Leaving out the images, reproduce every line of the data that follows exactly.

• [DATA BLOCK]
┌────────

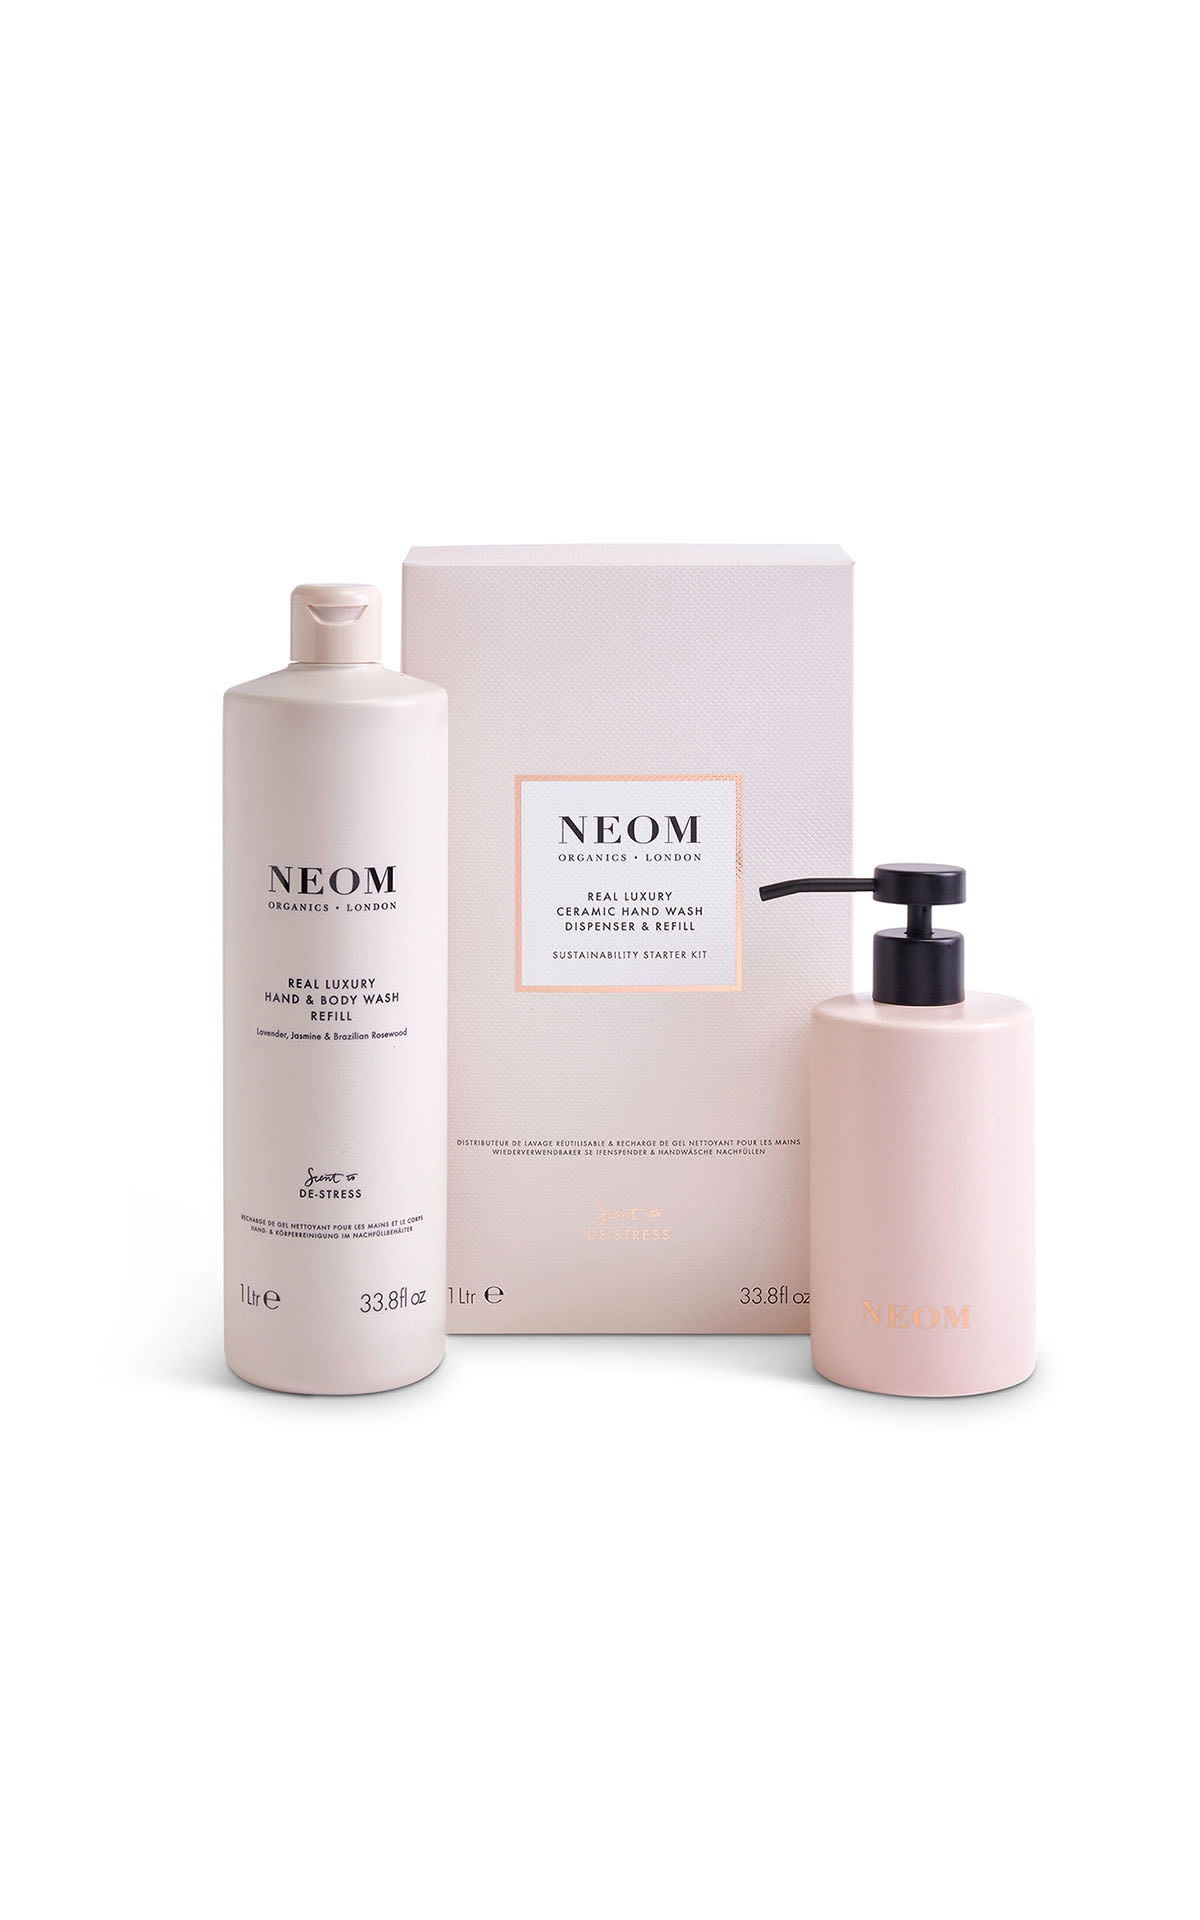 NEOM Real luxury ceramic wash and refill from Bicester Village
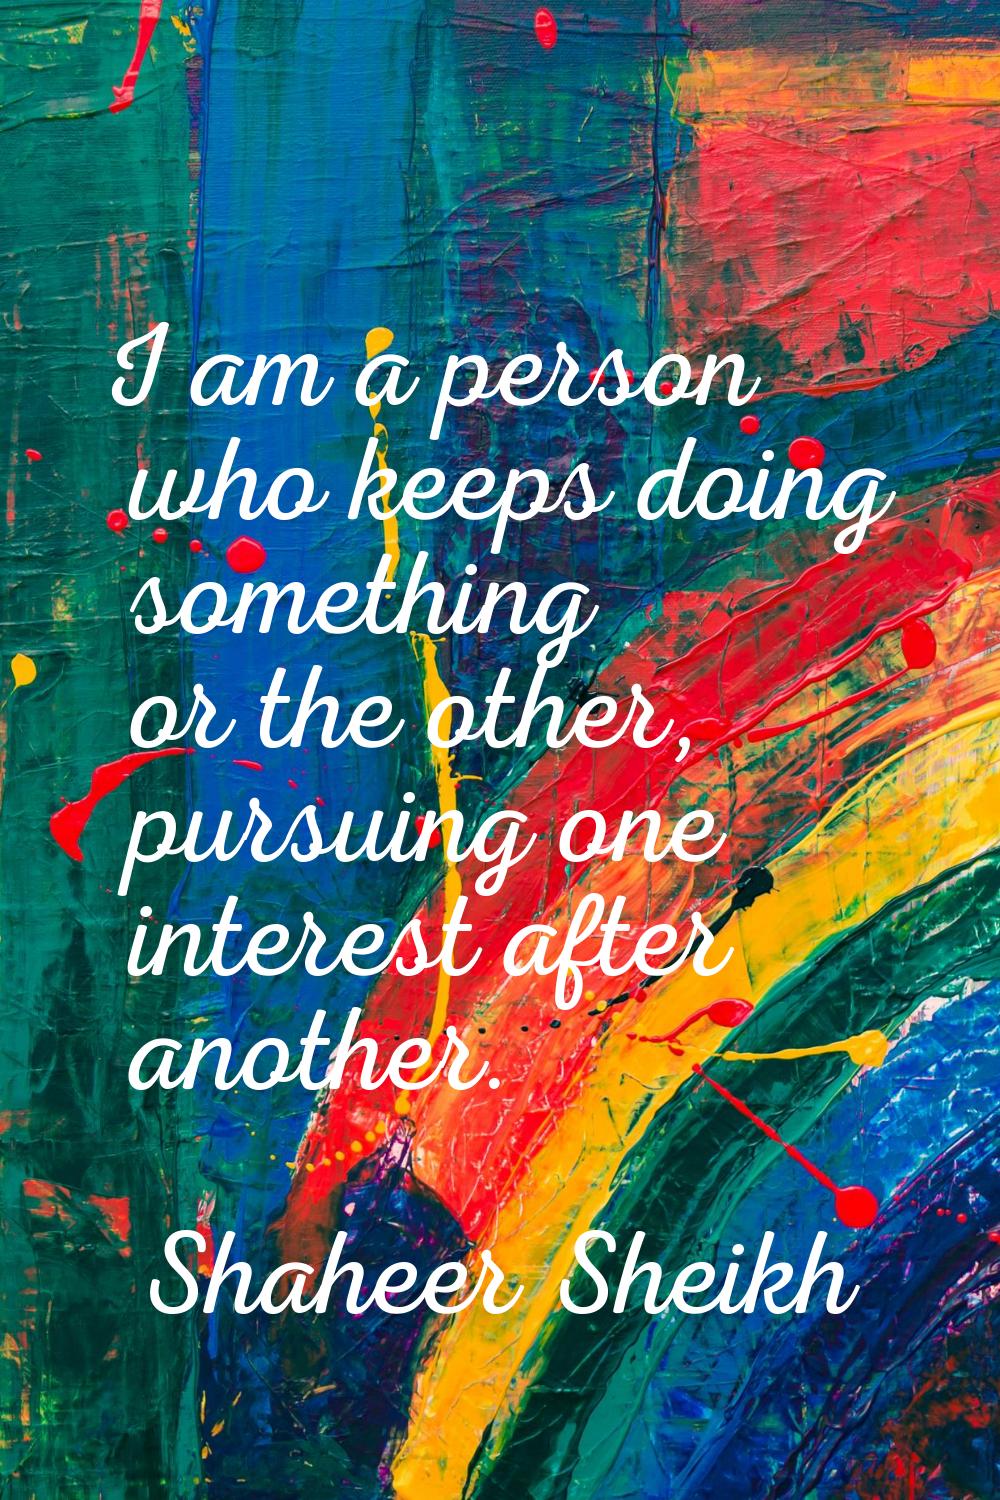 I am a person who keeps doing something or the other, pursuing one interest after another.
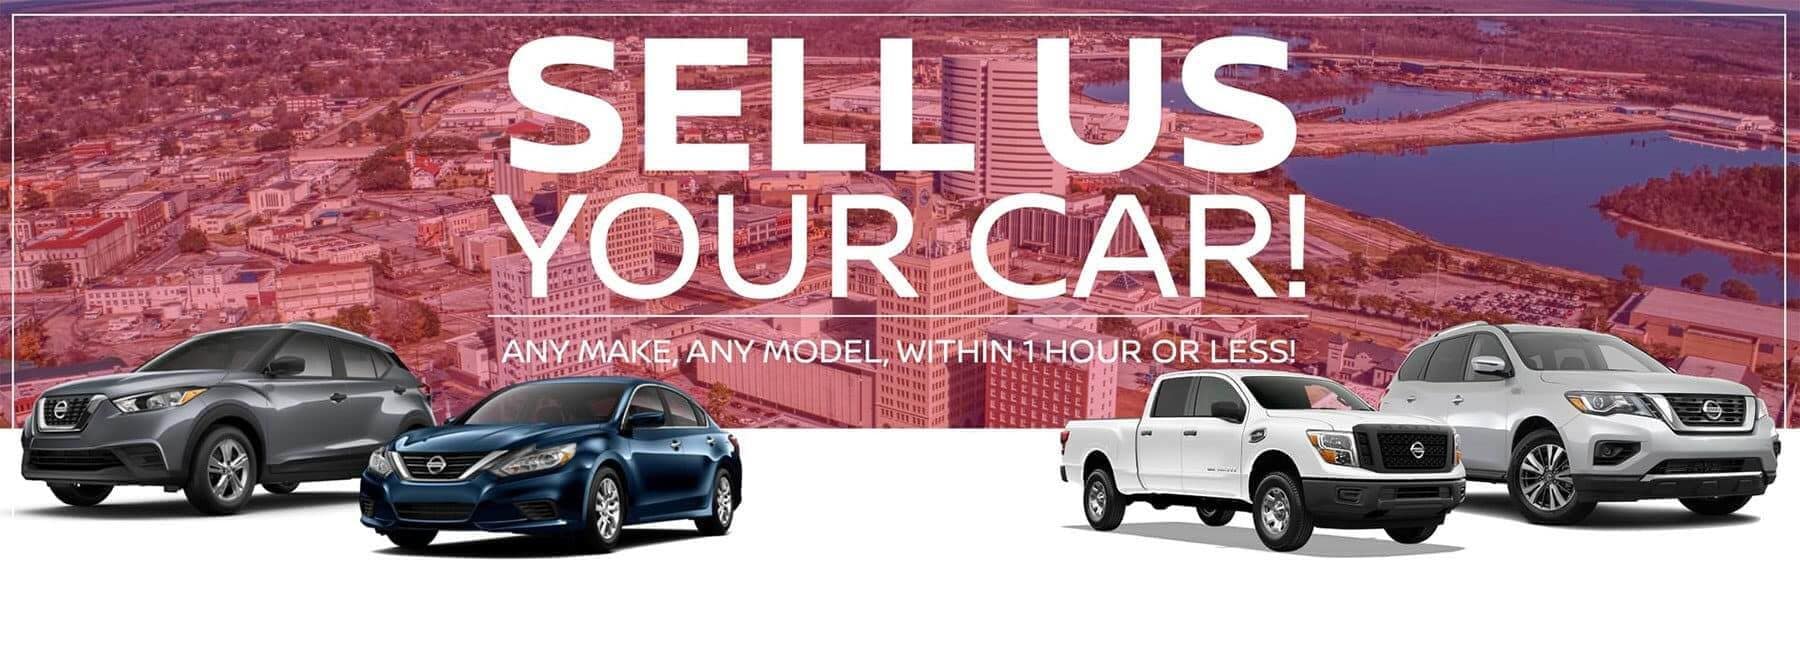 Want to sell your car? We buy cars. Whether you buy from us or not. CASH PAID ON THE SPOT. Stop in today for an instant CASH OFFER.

└────────

• [ANSWER TO THIS PROBLEM]
 NEOM Real luxury ceramic wash and refill from Bicester Village
 I am a person who keeps doing something or the other, pursuing one interest after another.
 Want to sell your car? We buy cars. Whether you buy from us or not. CASH PAID ON THE SPOT. Stop in today for an instant CASH OFFER.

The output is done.